A recent study conducted by the Federal University of Paraíba has explored the potential of tropical fruit processing coproducts—specifically acerola (CACE), cashew (CCAS), and guava (CGUA)—as substrates to enhance the growth, viability, and functionality of probiotics. Probiotics, known for their health-promoting properties, face challenges during processing, storage, and gastrointestinal transit that can affect their effectiveness.
The study focused on probiotics Lactobacillus acidophilus LA-05 and Lacticaseibacillus paracasei L-10 cultivated in these fruit coproducts. Results showed that probiotics grown in CACE, CCAS, and CGUA exhibited robust growth with high viable counts (≥8.8 log CFU/mL) and minimal lag phase during cultivation. These substrates facilitated sugar utilization, medium acidification, and organic acid production over time, which are crucial for probiotic survival and activity.
Furthermore, cultivation in fruit coproducts led to increased levels of phenolic compounds and antioxidant activity, enhancing the nutritional profile and potential health benefits of the final probiotic product.
The protective effects of fruit coproducts were evident during subsequent processing stages. Probiotics cultivated in these substrates demonstrated improved survival rates post-freeze-drying and maintained viability throughout 120 days of refrigerated storage. Moreover, during simulated gastrointestinal digestion, probiotics previously cultivated and freeze-dried in fruit coproducts exhibited larger subpopulations of live and metabolically active cells, indicating enhanced resilience and functionality under stress conditions.
This research builds upon prior studies that underscored the protective effects of tropical fruit coproducts during freeze-drying and storage. It aligns with broader research emphasizing the critical importance of probiotic viability for delivering health benefits. By leveraging fruit processing coproducts to support probiotic growth and stability, the study promotes a circular economy approach by adding value to agricultural by-products.
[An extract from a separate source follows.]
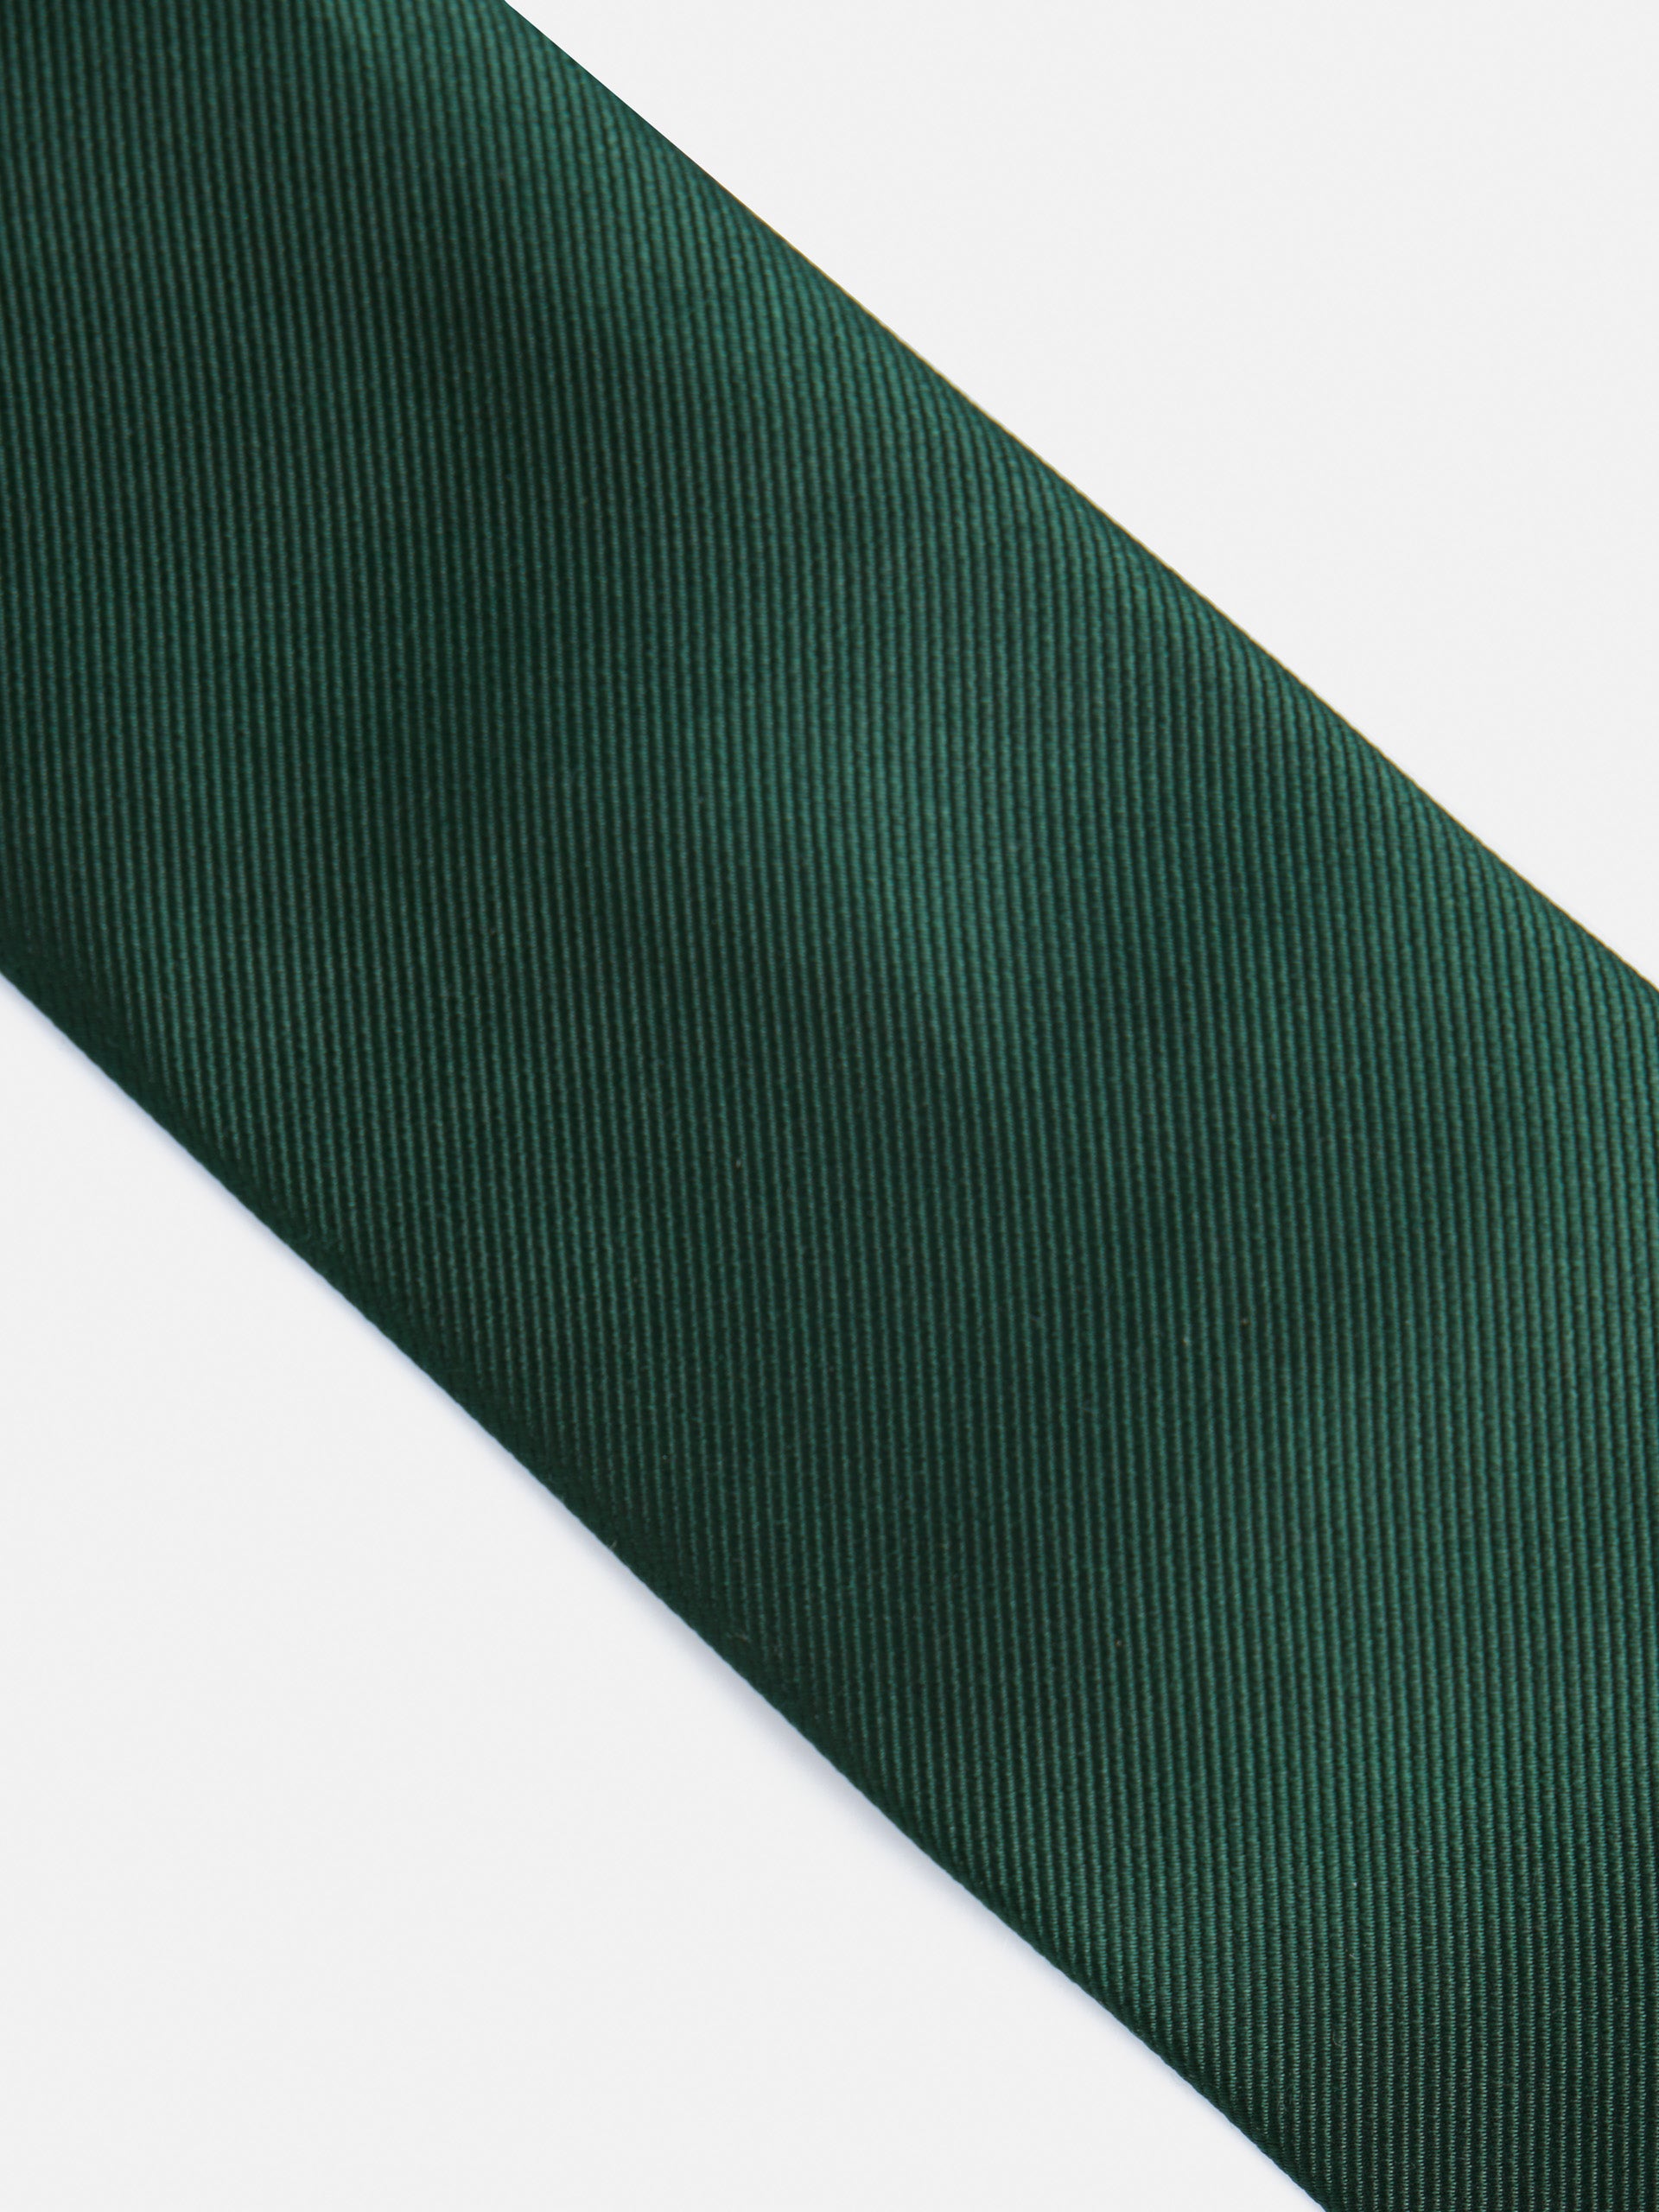 Cravate en silbon vert lisse

The findings highlight the potential of acerola, cashew, and guava coproducts to not only sustain but also enhance probiotic cultures. Future studies could further explore optimization strategies for maximizing probiotic viability and functionality in these substrates. Such advancements are essential for advancing probiotic applications in functional foods and promoting sustainable practices within the agroindustry.
In conclusion, the research underscores the viability of using tropical fruit waste as a beneficial substrate for probiotics, offering promising avenues to improve health outcomes while fostering sustainable agricultural practices.